You can  pre-order the book from the publishers, Ward Wood Publishing:
…or from Book Depository:

…or from Amazon:



  1. I'm trying not to be envious of these experiences of yours. At the time, I was sitting on the opposite side of the Atlantic simply screaming whenever I could get a glimpse of the Beatles on TV. I do wish I could see the entire show, though. It looks fantastic.

  2. It was an amazing experience working on that show, Sue and i think it stands up pretty well all these years later. I couldn't possibly recommend it but I'm told there is a pirated serialisation of the whole documentary on Utube. Tut-tut!

  3. My sister was part of the scene between LA and San Francisco back in the early seventies.
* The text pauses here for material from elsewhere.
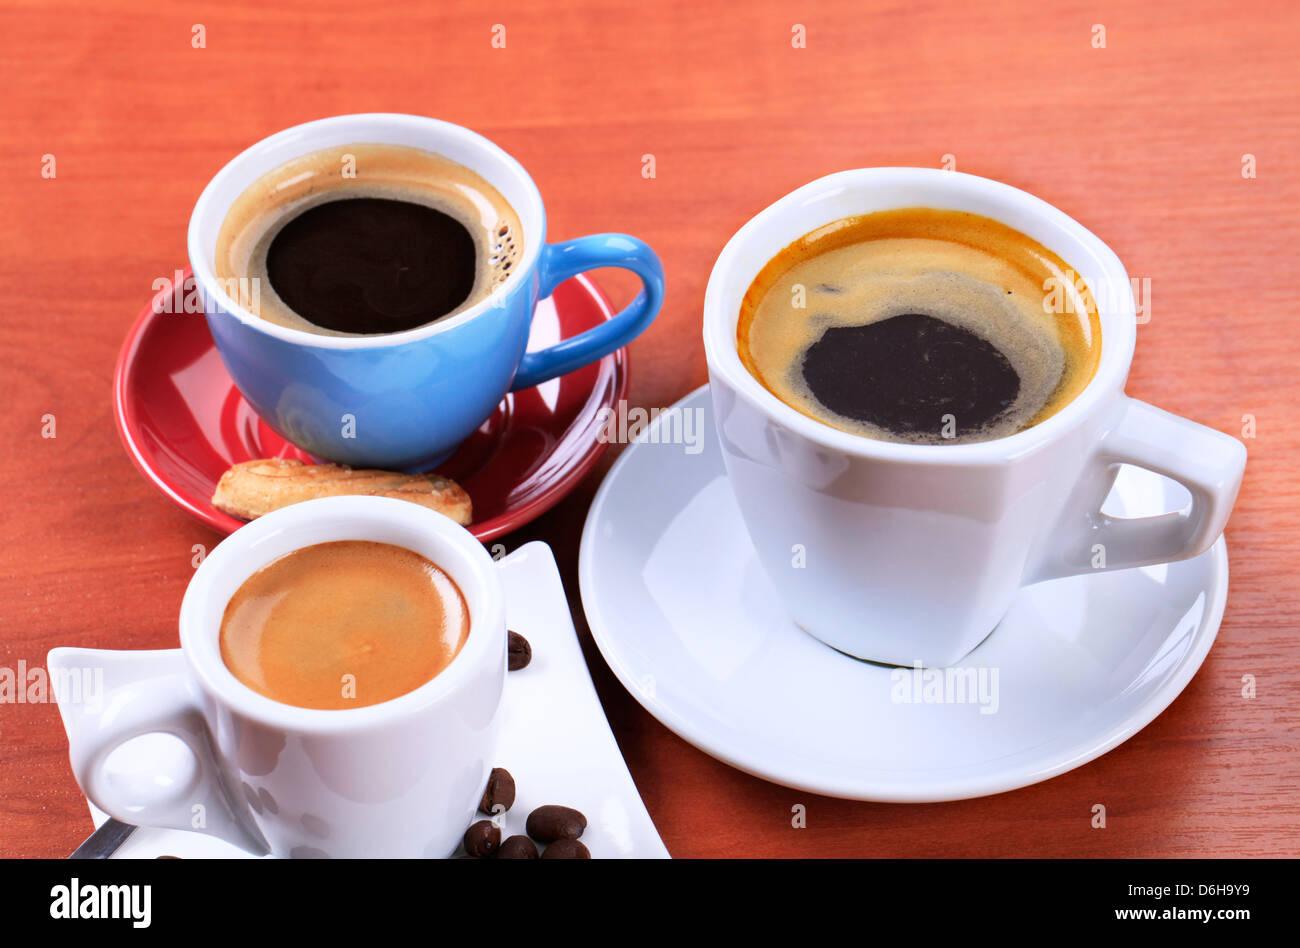 Tre tazze di caffè Immagini Stock

She became a close friend of Peter Coyote's. They worked together on a benefit called Cowboys for Indians that raised money to support AIM (American Indian Movement.) My sister died at this time last year and I found a beautiful pendant commemorating the event and inscribed from Peter Coyote among her belongings. Being uptight and back east, I missed a lot,
    but got to live vicariously through my remarkable sister,

  4. Thanks for sharing this story Patricia. It's good to hear that my impression of Peter Coyote was right. Sad though to hear of your sister's passing. She must have been a great person.

  5. I'm feeling envious, Colin, I was a little too young to er, fully enjoy the Sixties. By the time I got there, we were in the cynical seventies and that gave way to the awful eighties.
    Is there any use of rose tinted specs looking back though, or was it really a time when anything seemed possible?

  6. I'm not sure that I wear those rose-tinted spectacles but i may be wrong, Joe. It was definitely a terrific era culturally and also when a lot of social reform really got going but it was also, like any other time, I think, it had its ordinary everyday side too. Engelbert Humperdink got to No. 1 dis[lacing The Beatles in 1967. There was the Arab-Israeli War too so I don't try to paint an image of Utopia. It was, though, an extraordinarily exciting time to be a young white middle class arty English boy rebel!